- Afzalpur Location in Karnataka, India Afzalpur Afzalpur (India)
- Coordinates: 17°12′04″N 76°21′40″E﻿ / ﻿17.20111°N 76.36111°E
- Country: India
- State: Karnataka
- District: Kalaburagi
- Headquarters: Afzalpur

Government
- • Type: Municipal
- • Body: Council of Afzalpur

Area
- • Total: 3 km^{2} (1.2 sq mi)
- Elevation: 408 m (1,339 ft)

Population (2011)
- • Total: 27,088
- • Density: 6,371.33/km^{2} (16,501.7/sq mi)
- Demonyms: Afzalpuria, Afzalpuri

Languages
- • Official: Kannada
- Time zone: UTC+5:30 (IST)
- PIN: 585301
- Telephone code: 08470
- Vehicle registration: KA-32
- Website: www.afzalpurtown.mrc.gov.in

= Afzalpur =

Afzalpur is a panchayat town in Kalaburagi district in the Indian state of Karnataka. It is also the headquarters of the Afzalpur taluk.

==Geography==
Afzalpur has an average elevation of 408 metres (1338 feet). The town is spread over an area of 3 km^{2}.
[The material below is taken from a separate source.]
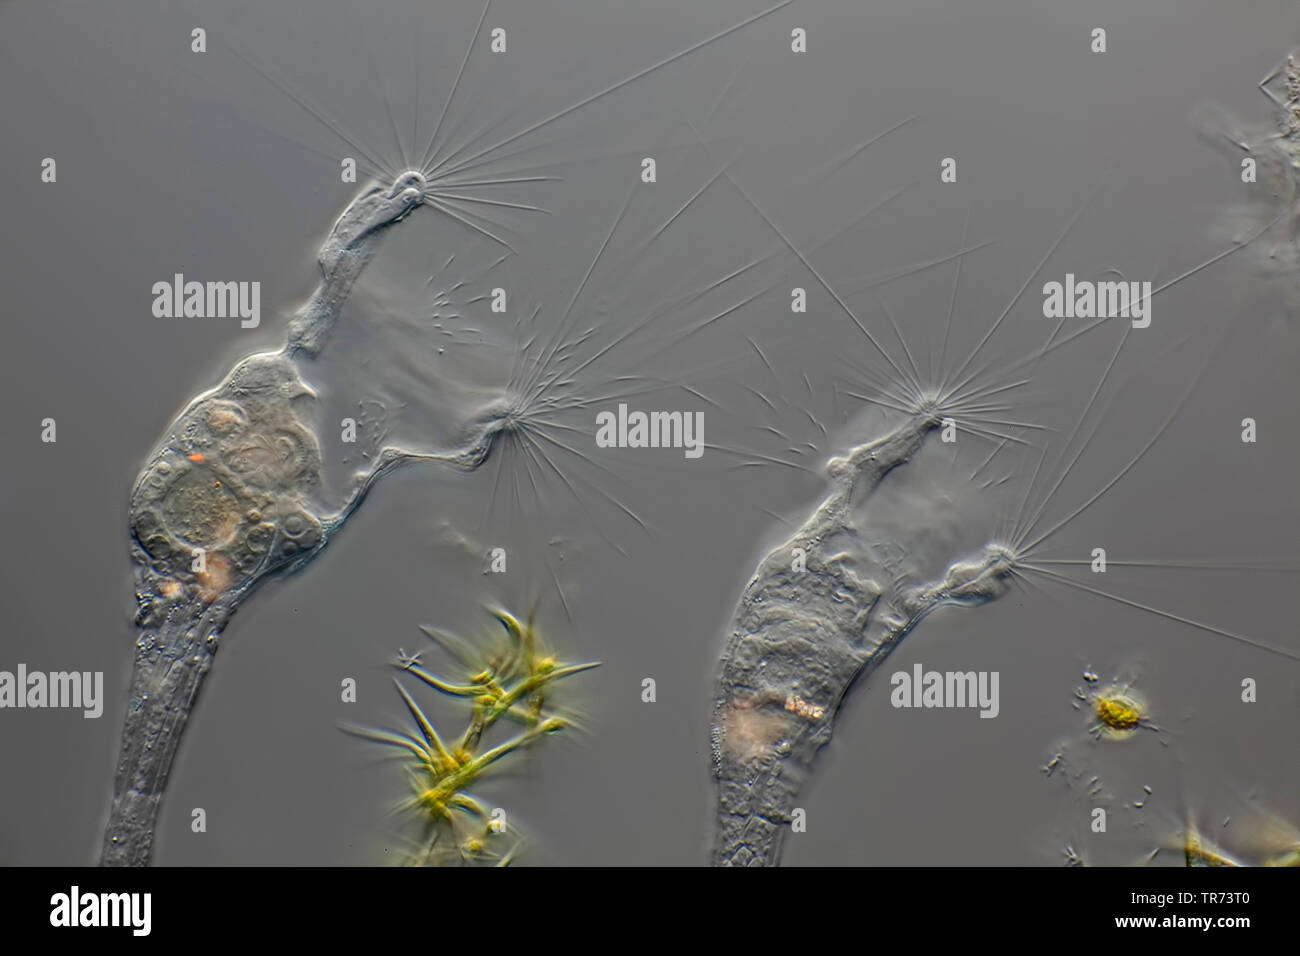 Les rotifères (Collotheca spec.), sur des algues filamenteuses, microscopie en contraste d'interférence différentielle, x 100, Allemagne Banque D'Images

The Afzalpur taluk borders the Aland taluk of the Kalaburagi district to the north, the Kalaburagi taluk of Kalaburagi district to the east, the Jevargi taluk of Kalaburagi district and Sindgi taluk of Vijayapura district to the south, the Indi taluk of the Vijayapura district to the west and the Akalkot taluk of the Solapur district of Maharashtra to the north-west.

Bhima and Amarja rivers flow through this taluk.

== Demographics ==
As of the 2011 India census, Afzalpur Town Panchayat has population of 27,088 of which 13,892 are males while 13,196 are females. 75.95% of the population is Hindu, while 23.56% is Muslim.